8 Tips for Preventing Motion Sickness
If you know you’ll experience motion sickness while on your trip, you can likely prevent it. If you’re new to managing or preventing yourself from feeling sick in the car, read the following:
- Take Meclizine or Imodium 2 hours before your trip. One is specifically for motion sickness, and the other is for an upset stomach, which occurs with car sickness.
- If you know which seat makes you feel sick, don’t choose it.
- Keep the window open, if possible, so that you can take deep, oxygen-filled breaths.
- Lie down before the car ride and think happy thoughts about the journey.
- Don’t eat a heavy meal directly before you get on the road.
- During the entire trip, avoid acidic, spicy, or greasy foods.
- Avoid alcohol and drink a lot of water. If you drink more water than usual, you also have a great excuse to stop suddenly if you don’t know how to verbalize that you’re sick.
- Talk to your doctor about therapies or alternative methods, like wearing an elastic band.
Depending on the severity of your car sickness, you may need to avoid common triggers (like long road trips) or try public transportation while you discuss remedies with your doctor.
8 Tips for Lessening Motion Sickness Symptoms
Whether you like it or not, it’s here, and you’ll need to do your best to lessen its effects to enjoy your road trip or drive to work. The moment you feel motion sick, try the following:
- Avoid strong food odors that may make your nausea worse.
- Move to a seat where you won’t feel so ill, like the front.
- Never sit backwards while traveling; you’ll make your symptoms worse.
- Don’t read or do anything that requires rapid-eye-movement.
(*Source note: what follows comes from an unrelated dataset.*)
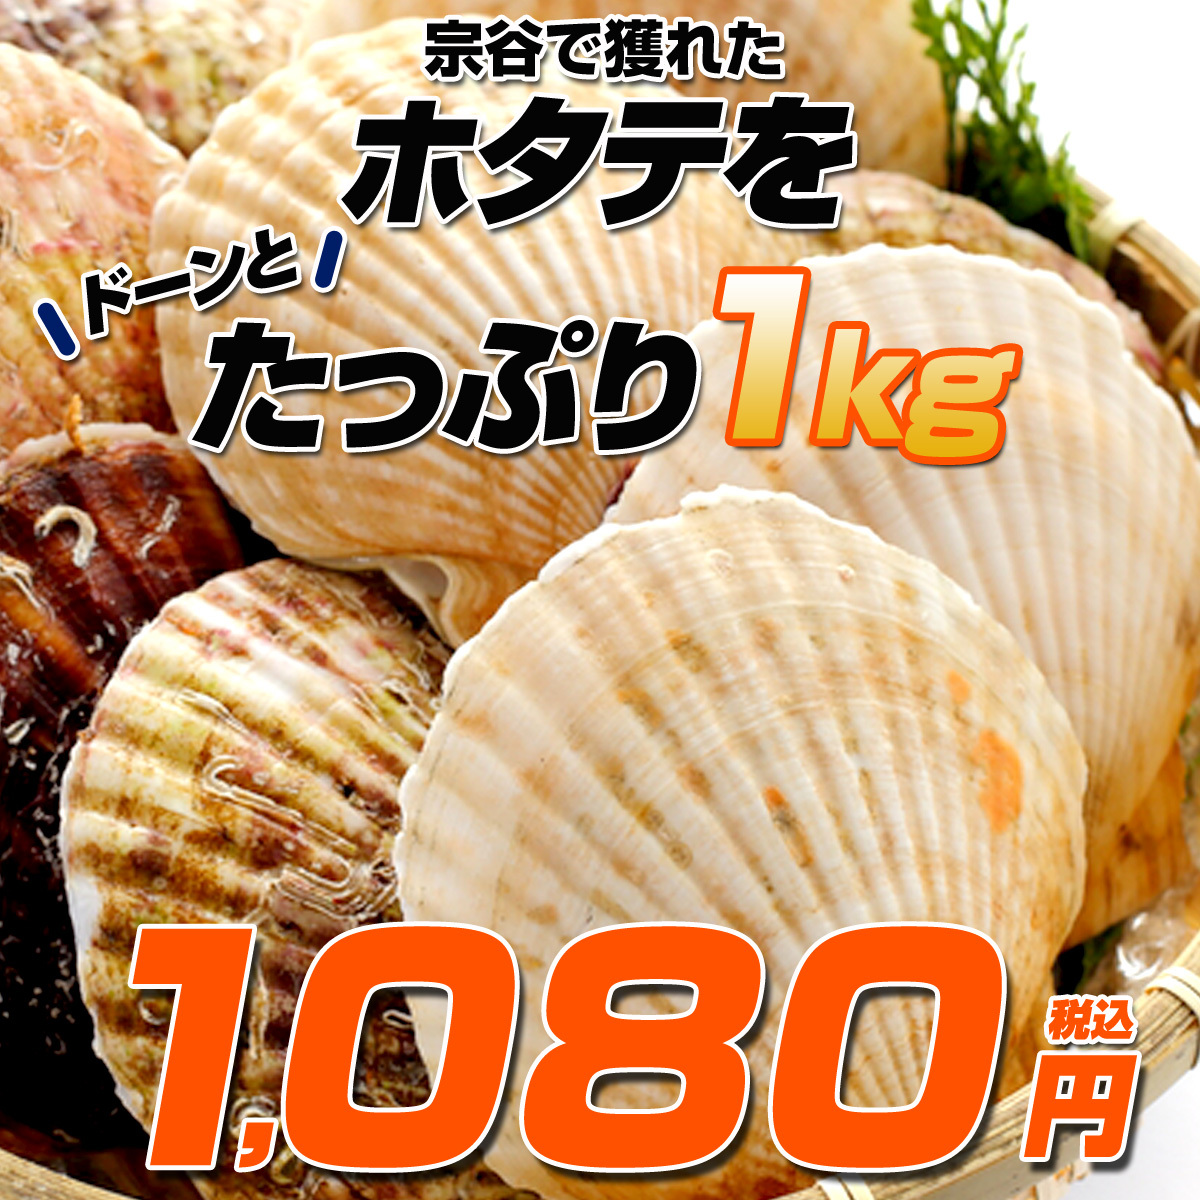 [ Hokkaido production ] scallop 1kg |.. district 4~6 sheets degree freezing both . scallop ... attaching scallop . attaching scallop Hokkaido production .. Bon Festival gift Father's day gift

- Fix your gaze on the horizon or on a fixed point.
- Open a vent, window or get out of the car to get some fresh air.
- Isolate yourself from others who are speaking about motion sickness
- Stop somewhere and purchase Meclizine for motion sickness
Above all else, try not to let your car sickness ruin your trip. Although it will be challenging to focus on the positives, know that car sickness is temporary, and you’ll feel better soon.